Actualité
La Loo & Lou Gallery, Paris, presents a monographic exhibition by Pierre-Luc Poujol, “Franchir le visible”
On the occasion of his second solo exhibition at Loo & Lou Gallery, Franchir le visible (from May 6 to June 17), Pierre-Luc Poujol continues a practice deeply rooted in the living world, where painting does not merely represent nature but becomes a site of activation.
His work is developed through a direct relationship with materials: ashes, plant fragments, wood, and charcoal are collected, transformed, and then reintegrated into the pictorial surface. The gesture, shaped by memory and instability, produces a fragile form of inscription in time, where each work appears as a layer, a sensitive deposit arising from a constant negotiation between intention and accident.
With the series “Lisières”, presented in the exhibition, the artist explores a space of tension: the threshold between order and chaos, figuration and abstraction, appearance and disappearance.
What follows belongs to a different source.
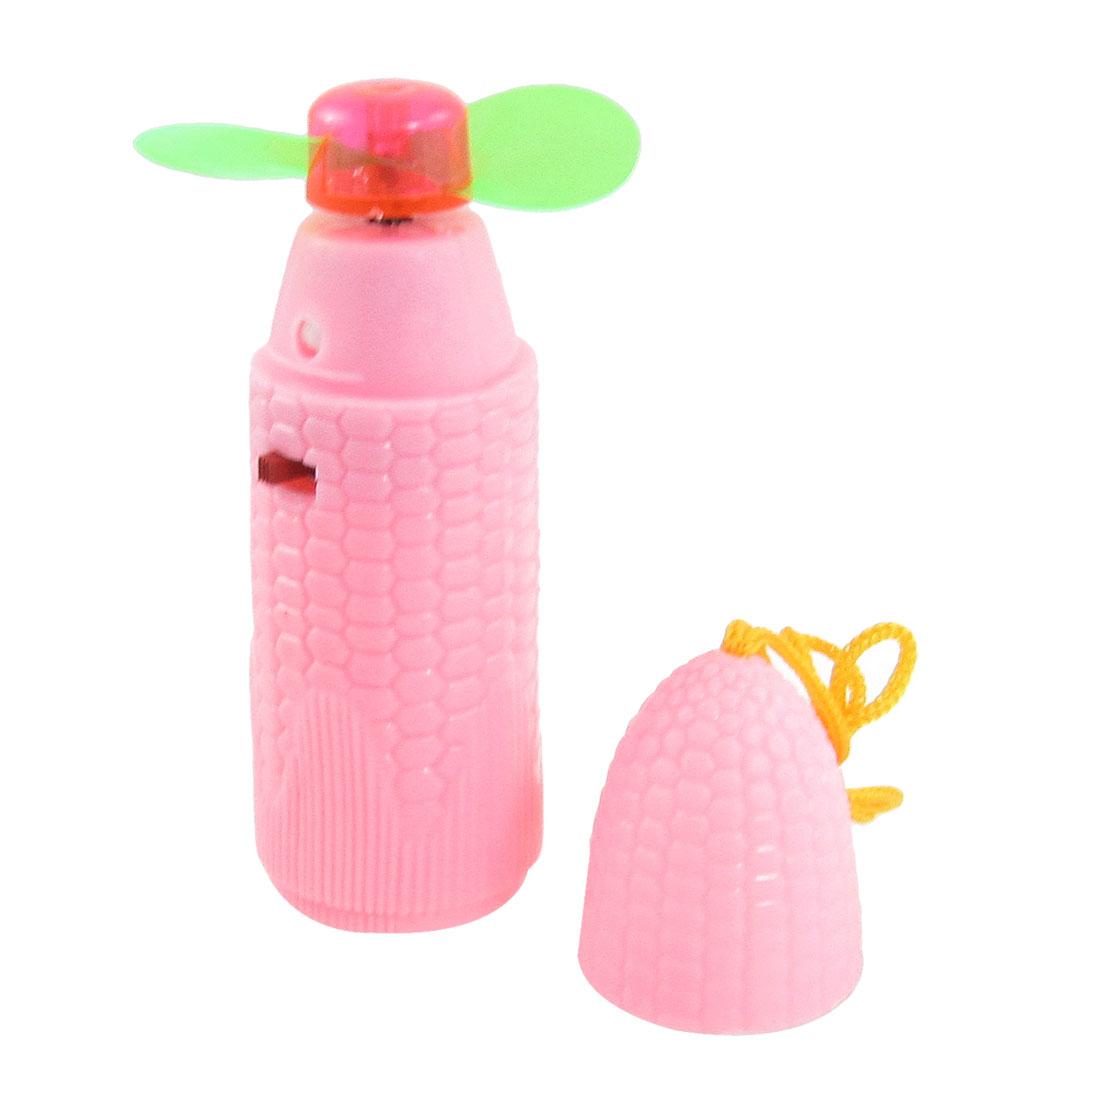 Portable Corn Shaped Battery Powered Mini Cooler Fan Pink

Dry grasses, thistles, and ashes are incorporated into the canvas as active remnants, giving the material an almost organic dimension. Light, rather than coming from outside, seems to emerge from this very density, revealing a subterranean vitality.
Continuing this exploration, in the series “Between the lines”, Pierre-Luc Poujol approaches bark as a true system of inscription, a language in itself. Through a dripping technique turned into writing, he brings forth a network of lines and tensions where painting acts as a revealer of strata, allowing the silent and condensed memory of the living world to emerge within abstraction.
Each piece in the exhibition thus functions as a fragment of an ecosystem, an archaeology of the living that reveals a beauty both raw and essential — that of a fragile world in constant recomposition.
A recognized figure on the French and international art scene, Pierre-Luc Poujol has exhibited in several museums, notably at the Musée Paul Valéry in Sète in 2020 and again in 2024. He has also received prestigious awards, including the UNESCO International Prize (2000) and the “Art et Nature” Prize from the Rampp Foundation (2025).